Nick van Stekelenburg has something to crow about.
The Dignams Creek farmer says he has the cure for most, if not all, of our food production challenges thanks to the humble chook.
Nick believes, correctly managed, chickens are the way and the means for successful fruit and vegetable production: Reducing or eliminating the need for pesticides, herbicides, artificial fertilisers, fossil fuels and hard work, while providing abundant eggs and meat.
Nick calls his agricultural cure-all the Chicken Panacea.
Nick’s Chicken Panacea is based on the chicken tractor: a lightweight and mobile chook house, one metre wide and a few metres long. Each tractor keeps two to four chooks contained to do their work of pest control, weeding, and ploughing.
The metre wide vegetable beds make for easy planting and harvesting.
“For planting out, we use cardboard first then mulch over the top and then plant through the cardboard,” Nick said.
“By the time the plants have grown the cardboard has rotted away and been assimilated into the soil.”
Not all beds are planted out; some are direct sown with a green manure crop, which can be used as food for the chooks, harvested and sold for profit, or turned in to improve soil.
“I am selling organic greens for $20 a kilo, that is about the same you pay for conventional produce in the supermarket, but without the pesticides or all the embodied energy,” Nick said.
Nick said his Chicken Panacea wasn’t just about reducing embodied energy. Other reduced costs in his system were; time, labour, synthetic fertilisers, herbicides, and – especially – carbon.

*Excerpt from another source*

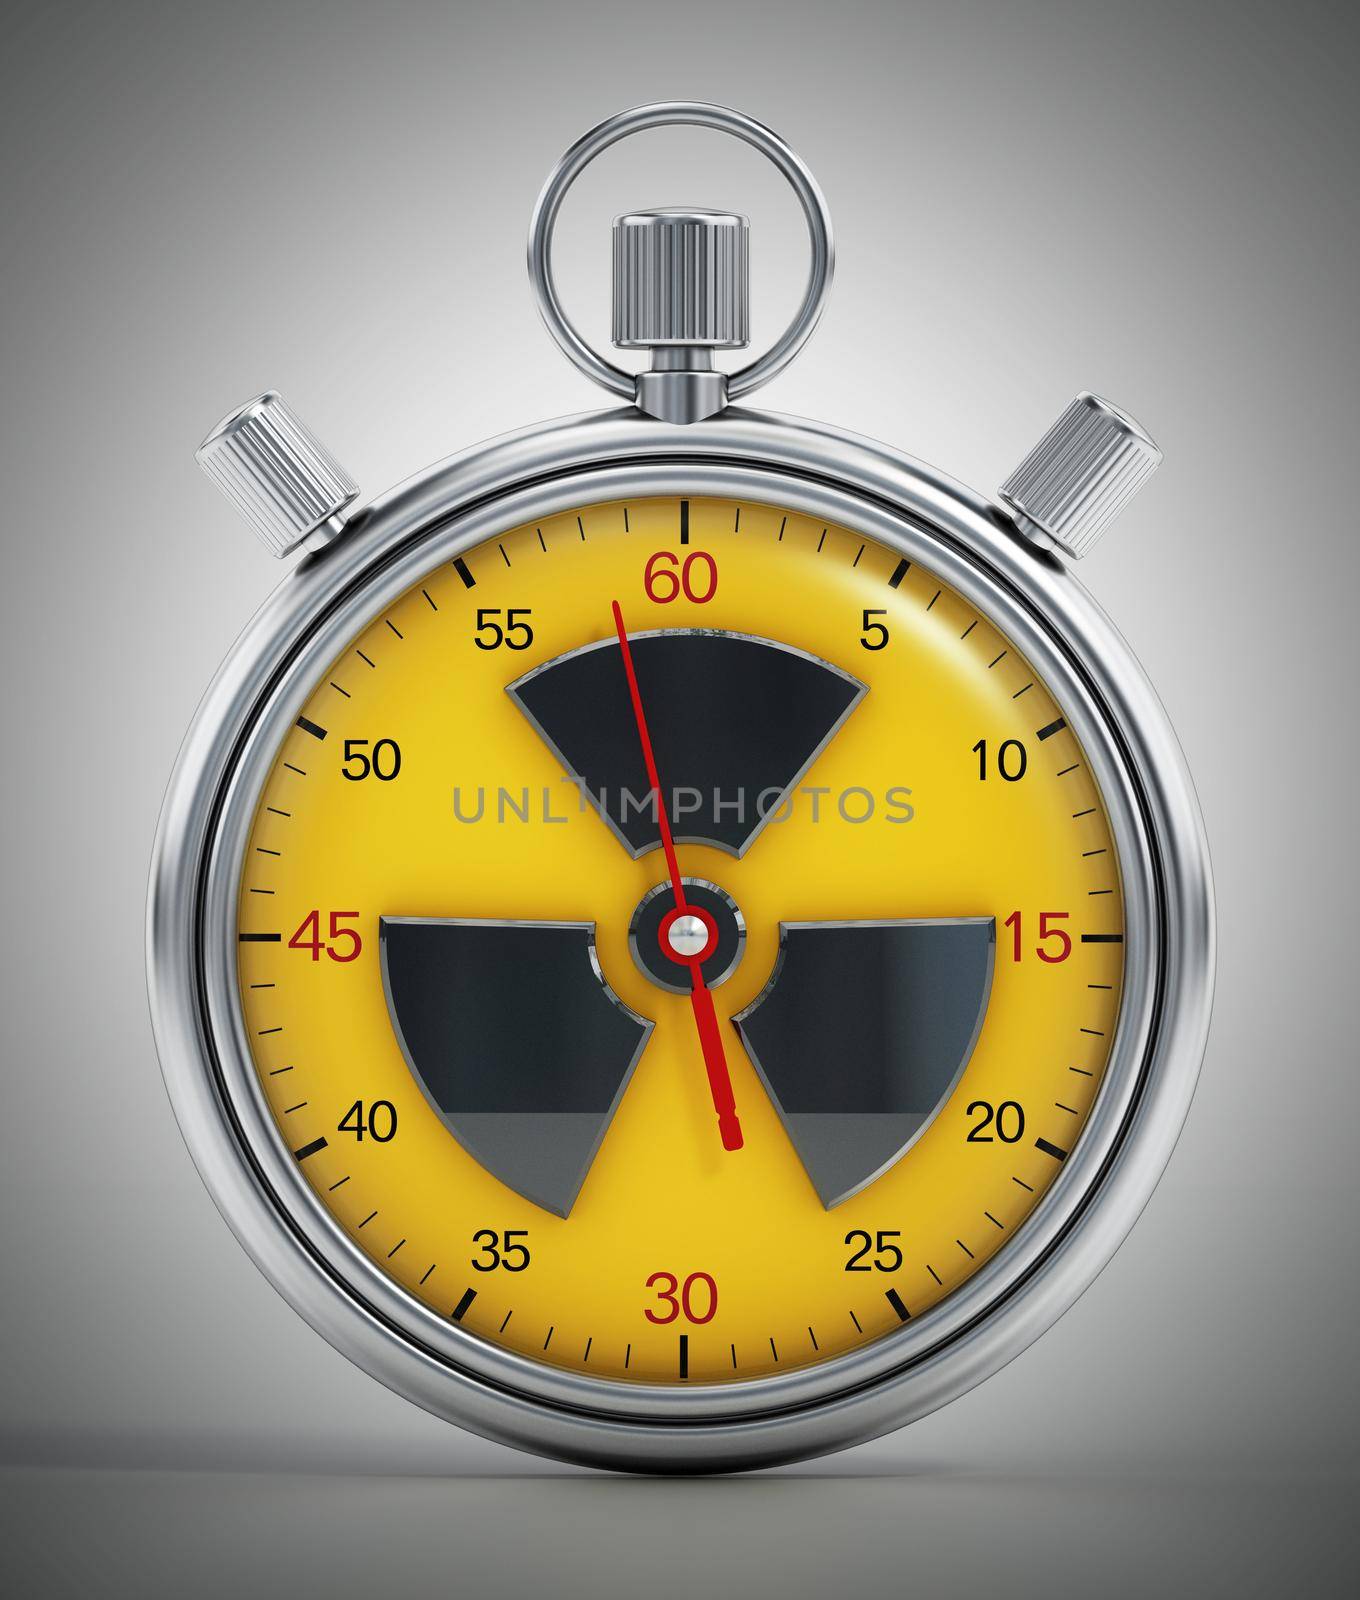 Chronometer with radiation icon. Nuclear war countdown concept. 3D illustration by Simsek

“If we can grow our own food this way … we are sequestering carbon. Instead of whinging about climate change, or Gina Rinehart, Monsanto and what-not: we cut off their power supply, by not buying that stuff,” Nick said.

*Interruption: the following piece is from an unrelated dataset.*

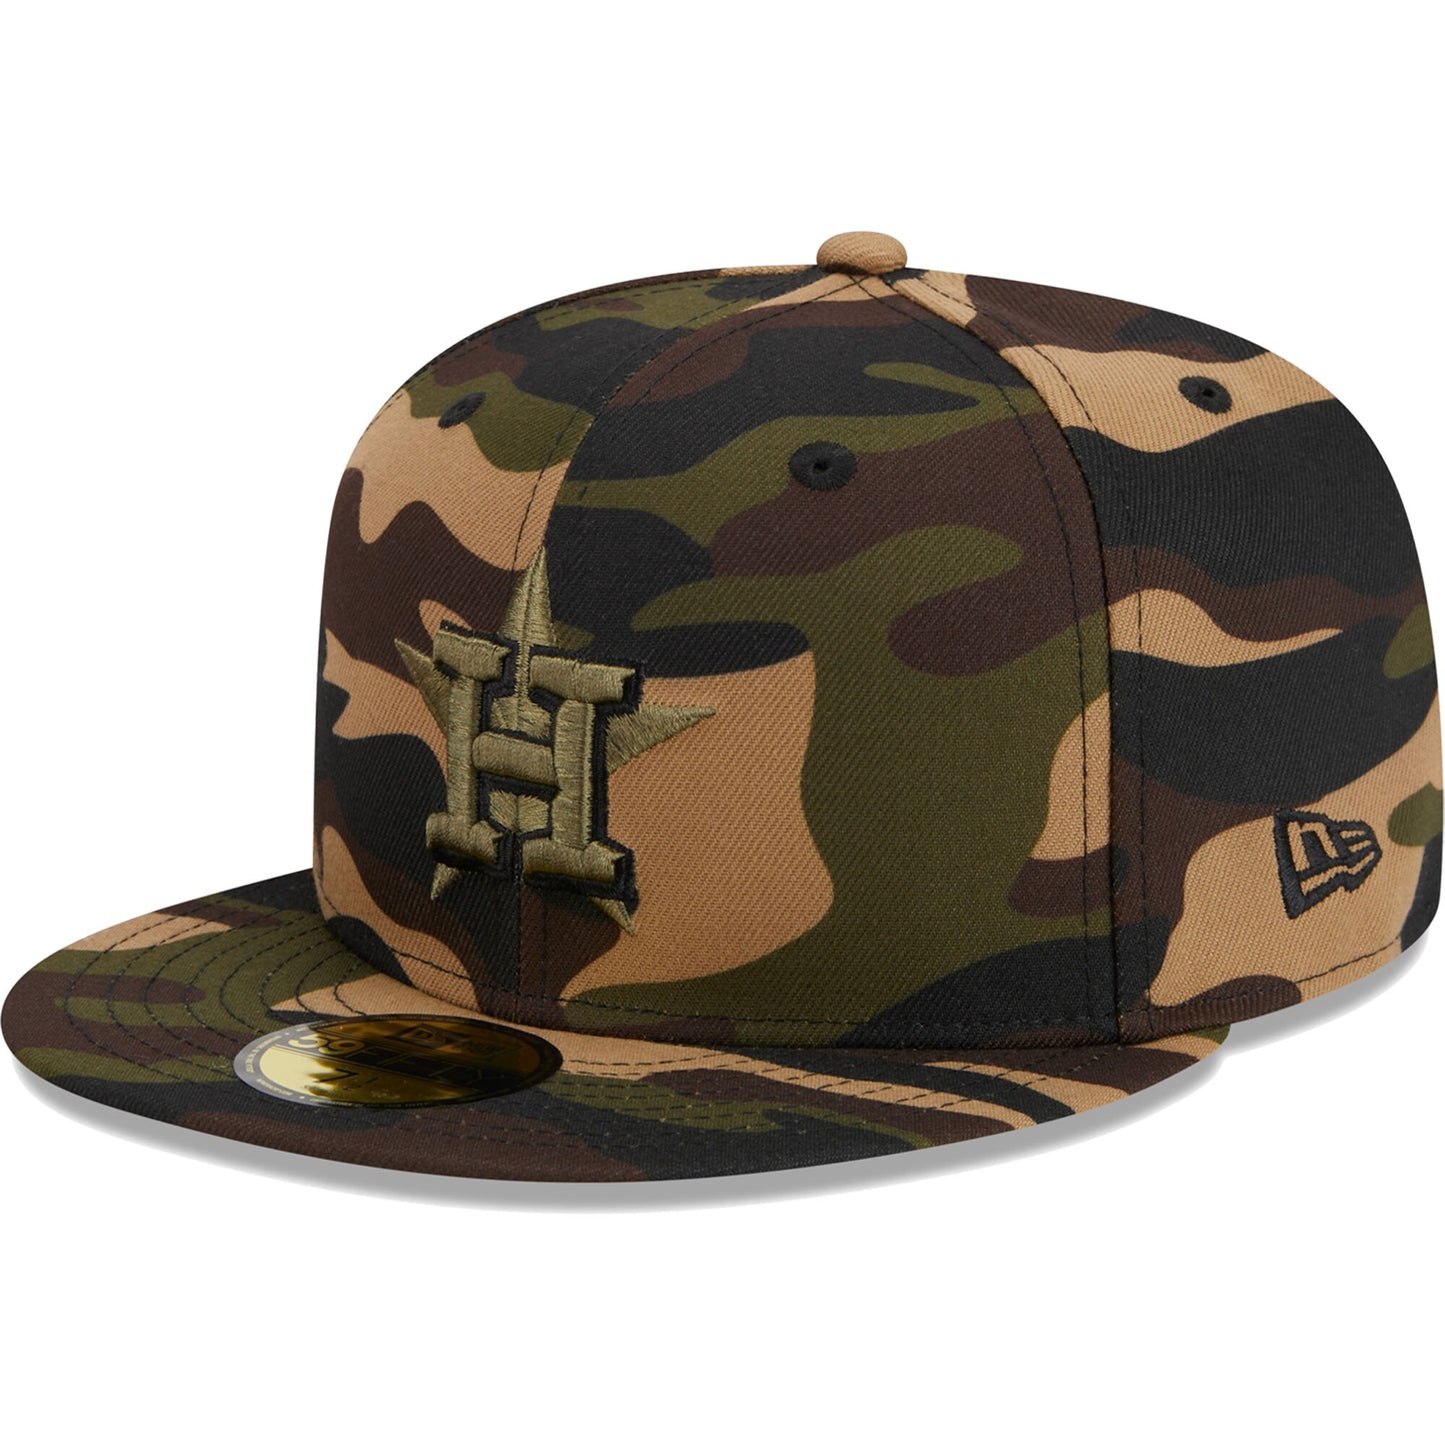 Houston Astros New Era Autumn 59FIFTY Fitted Hat - Camo

“I’m not using round-up or pesticides, I’m not eating blueberries grown in South America. I don’t get miserable about climate change – I am doing all I can do about it; putting carbon from the air into soil.”

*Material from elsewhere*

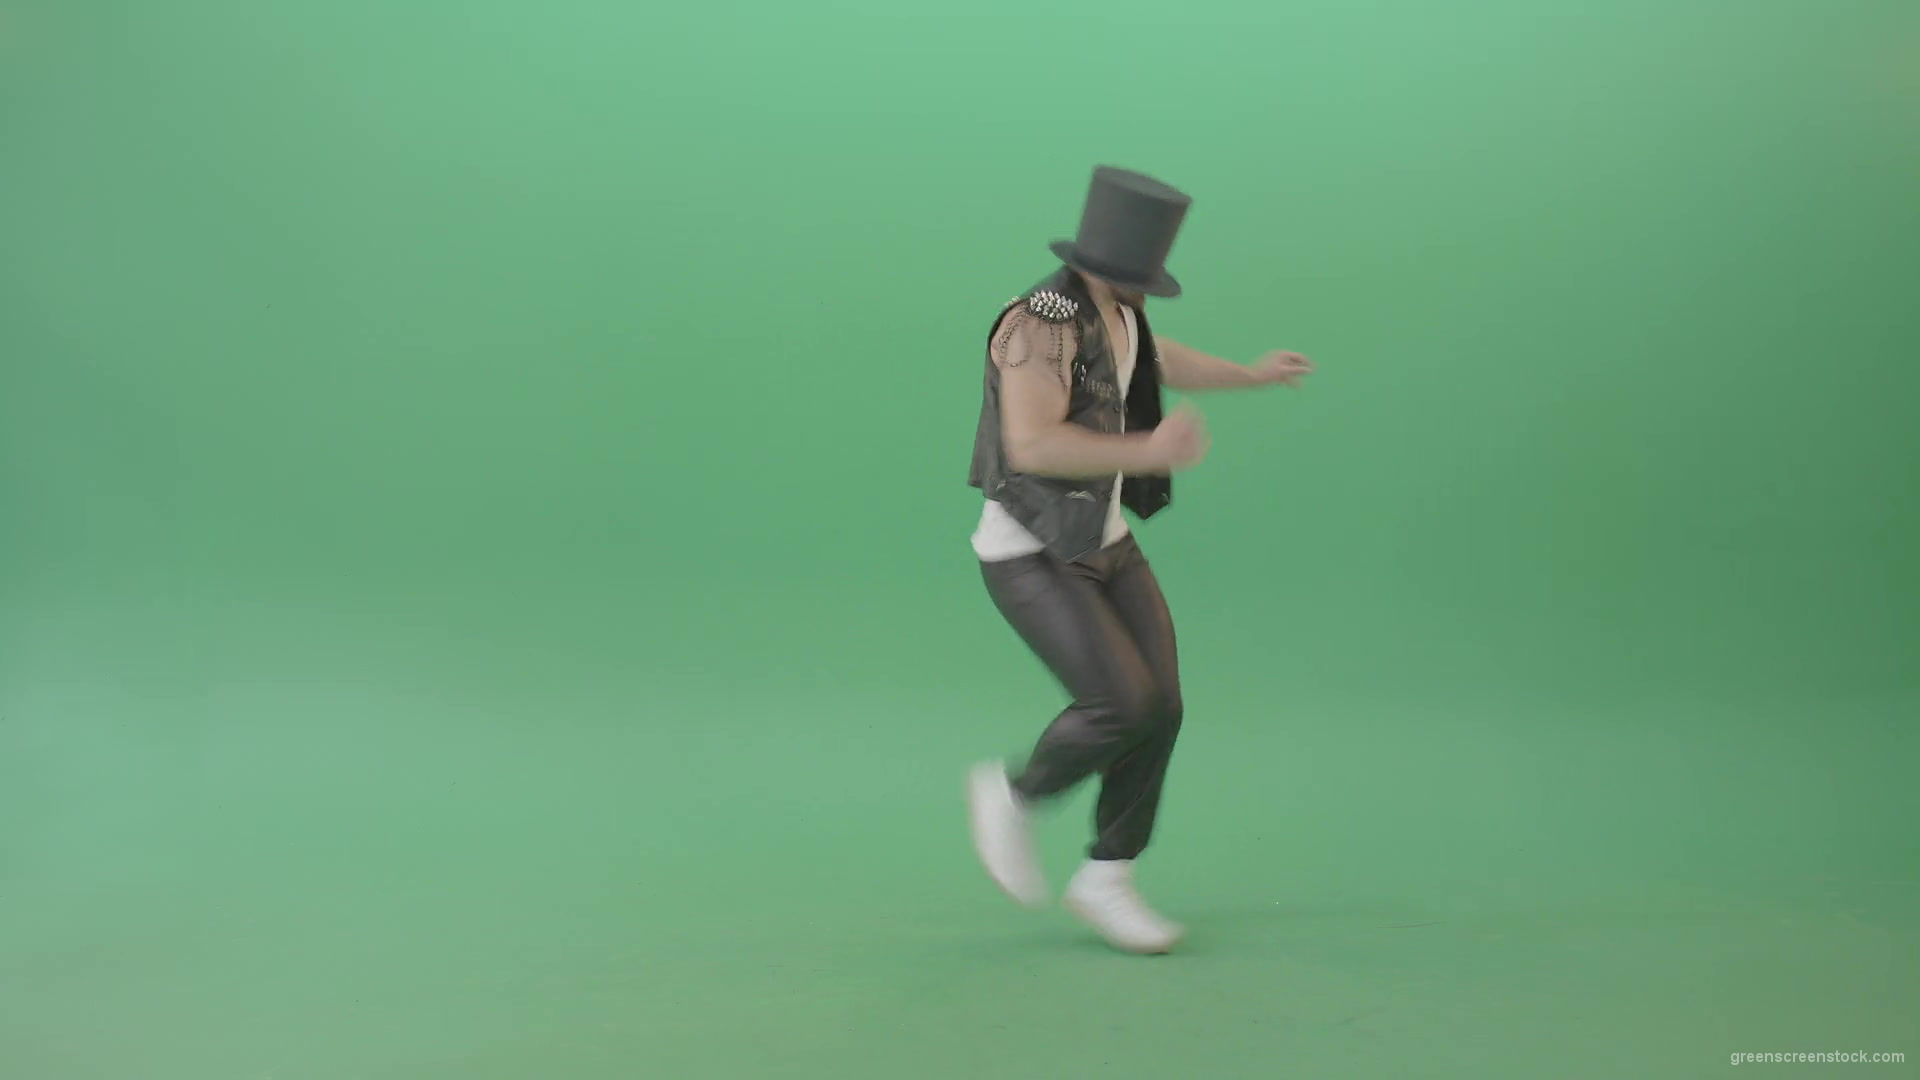 Man-in-black-Busines-Cylinder-Hat-dancing-and-jumping-in-Shuffle-dance-isolated-on-Green-Screen-4K-Video-Footage-1920_009 Green Screen Stock

Sure, carbon into the soil and eggs into the basket, but the Chicken Panacea is as much about increasing outputs as decreasing inputs.
“Early spring I get eggs of a variety I like, or I get a rooster of the variety I like to put over those hens I like best,” Nick said.
“That means my hens come into egg-production mode coming into winter, when everyone else’s chooks are going off lay for winter.”
Although Nick charges seven dollars per dozen eggs, that barely covers the cost of the chook’s organic feed supplement: “The profit is in the soil building they do”.
Of course, only the hens lay eggs; the surplus of rooster are killed for meat. Nick said it was important to know how to kill an animal with respect and without causing it suffering or pain.
“It’s like John Champagne says: ‘the roosters have a very good life that ends with one very bad day’.”
With the vegies, eggs and meat sorted, Nick got thinking about some Chicken Panacea in the orchard. After some years of tinkering, he developed the modular hex-cell for his fruit trees.
Each hex-cell is a domed and netted structure over a dwarf fruit tree. Openings at the base of each hex-cell enable a chicken tractor to be plugged in so the chooks can still work around the protected fruit tree.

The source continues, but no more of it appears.